The arrival of Liam Hawthorn‘s new Kenworth K200 meant he was able to tick two big things off his bucket list.
Liam Hawthorn typifies everything that‘s great about Kiwi blokes; he‘s genuine, humble, good humoured, and has a glass half-full approach to everything. “I‘ve been reading the mag for as long as I can remember with the dream of owning and running my own flat roof sleeper cabover Kenworth, and one day having it on the poster,” said Liam. “I thought this just might be the truck to do it.”
Son of well-known Northland truck driver and diesel mechanic Greg Hawthorn, 31-year-old Liam was truly born with trucking in the blood, never missing a chance to ride around with his father when he drove for Bachelor Log Haulage, SEMCO, and United Carriers. After leaving Kamo High School Liam worked for a year at the Carter Holt Harvey LVL sawmill near Marsden Point before taking on his first driving job at Kaitaia Transport. “I was only 19 at the time and I started out on a 390hp flatdeck Mitsi going anywhere from Whangarei to Auckland and even Gisborne. It was full on.”
Photos: Liam‘s workplace and standby accommodation. Not a bad place to call your own.
A year or so later Liam went to Te Kauwhata Transport, based in Whangarei, for a short stint and then his first job on a log truck with Paragon Haulage Ltd, again based in Whangarei.
“Paragon was a great job, I really enjoyed my time there,” recalls Liam.
As with most young folk the OE called and Liam headed for Australia to try his hand over there. He got a job with Brisbane company Armesto‘s Transport Pty Ltd, driving a Freightliner Columbia truck and dog combination on local tip work, with the occasional interstate general freight trip in a Kenworth B-double thrown in.
After a year Liam came home, taking a job with Steve Bachelor‘s Aotearoa Haulage driving a 420hp Scania initially, then a 470, progressing on to a Western Star. “Steve‘s a great guy and I have huge respect for him. I‘ve known him all my life since Dad drove for him back in the day at Bachelor Log Haulage.”
Photo: Liam Hawthorn has loved trucks for as long as he can remember, and doing what he loves to build something of worth.

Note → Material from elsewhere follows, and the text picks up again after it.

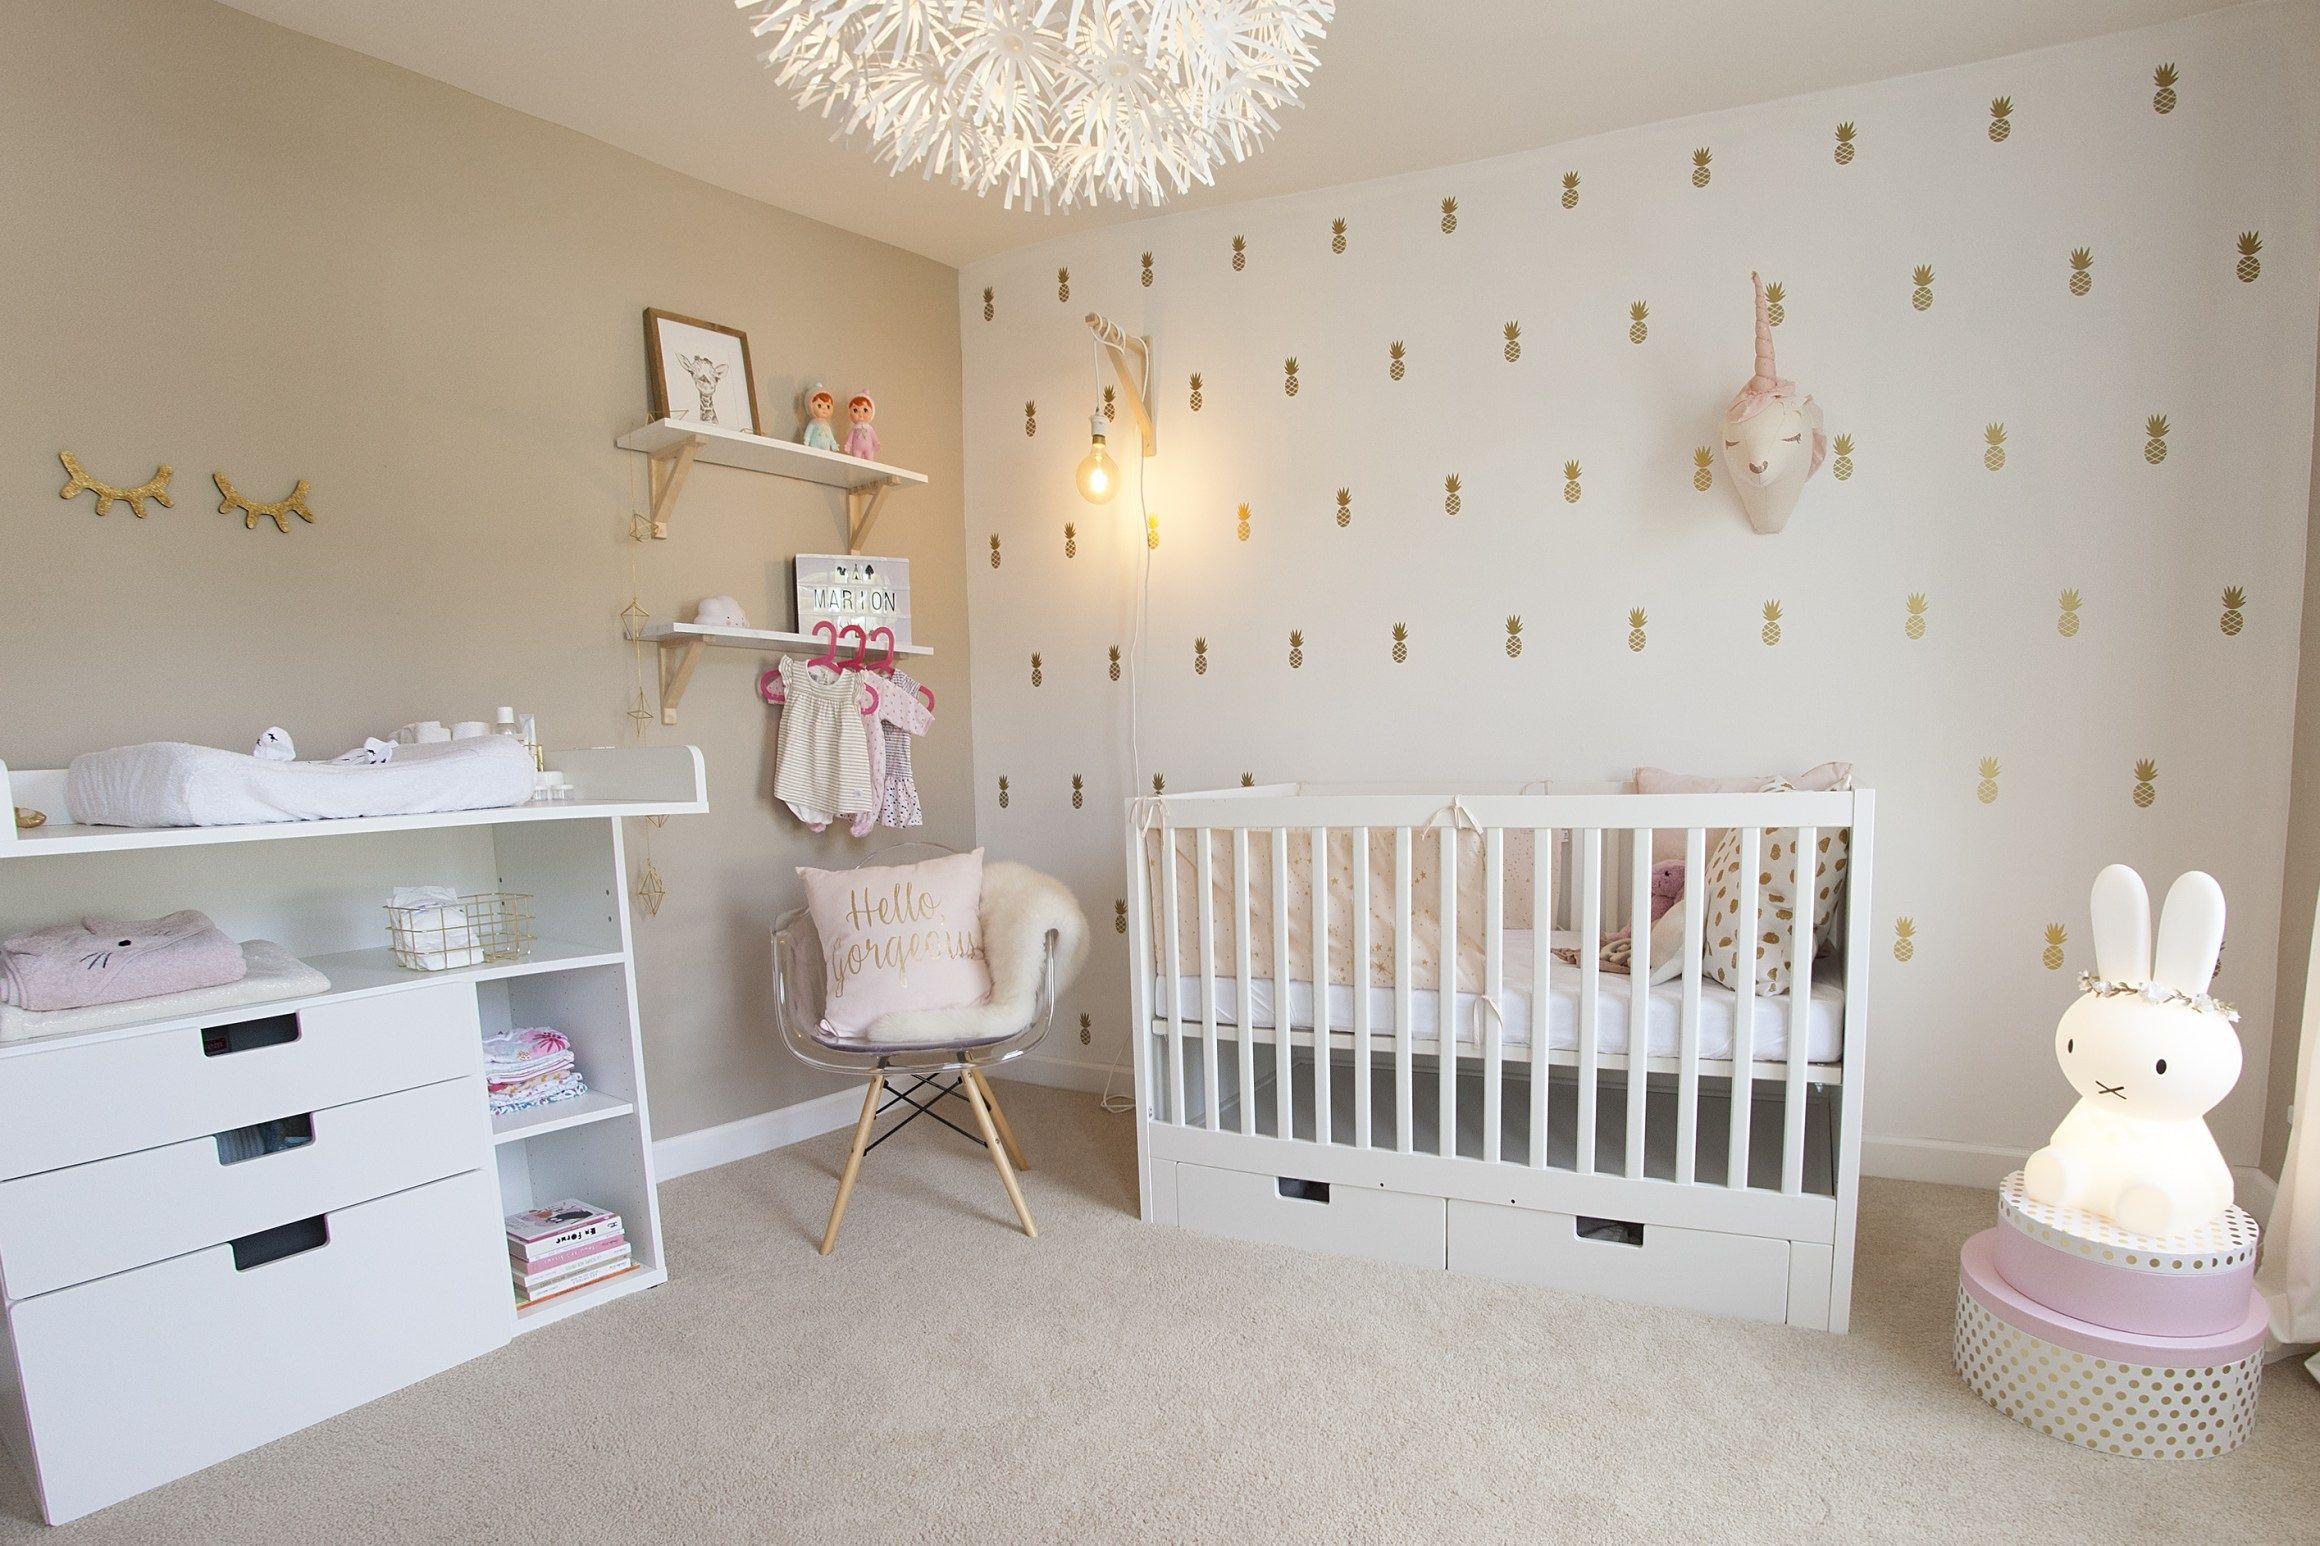 JKP_17  Chambre bébé rose, Idée déco chambre bébé fille, Diy déco

Three years at Aotearoa and it was time for another stint in the big island to the west, this time in the far far west with Karratha-based company Hansen, part of the Heidelberg Cement Group. The gear was bigger too. Liam drove Western Star 6900 series side-tipper combinations, but it wasn‘t your usual Australian side tipper story. Hansen cart the aggregate and stone for concrete into the mines being developed, not the ore material out. “I never left a mine loaded, I arrived loaded instead,” laughs Liam.
Three years into the adventure Liam received a call from Steve Bachelor offering him a position as a subcontractor in his Aotearoa Haulage operation. Liam took the plunge, buying an ‘06 Freightliner Argosy with a Cummins 620 Signature and Koromiko 4-axle trailer off Steve, and got stuck in. A change in workflows found Liam needing to spread his net further in the hunt for work. He contacted Northland operations manager for Aztec Forestry Transport Developments Ltd, Ian Newey.
“Ian was a tremendous help and extremely supportive. Another top bloke.”
That was two years ago. Liam was taken on as a contractor early last year in their Northland operation. In his own words, “I‘ve not looked back. It ‘s a great company with a really good team culture. It ‘s going really well.”
Following their investment in him, Liam returned the gesture, retiring the old Freightliner and commissioning the new Kenworth and trailer under his NLH Ltd (Northland Log Haulage) banner. That fulfilled the first of his two bucket list dreams.
The truck was bought through Mark Tucker at Southpac Trucks, who Liam said was great to deal with. “It‘s a bulletproof spec all the way through. The advice I got was not to try anything too fancy and innovative, just get something that ‘s proven, so that ‘s what I did, and it‘s paid off, with the odometer approaching 93,000 trouble-free kilometres already.”
Spec on the Kenworth is the venerable Cummins e5 engine rated at 461kW (615hp), 18-speed Roadranger manual gearbox on Meritor 46-160 axles and KW 8-bag Airglide suspension. The truck tows a brand new Patchell 5-axle trailer on Hendrickson running gear. Chris Stanley in Silverdale saw to the shiny bits and Darryn Caulfield in Rotorua worked his magic on paint.
A normal day ‘s work sees Liam carting two loads of export out of the Pouto Forest to Marsden Point. And as for the second tick, meaning is it good enough to make the Top Truck grade? That needs no answer other than open the poster and take it all in!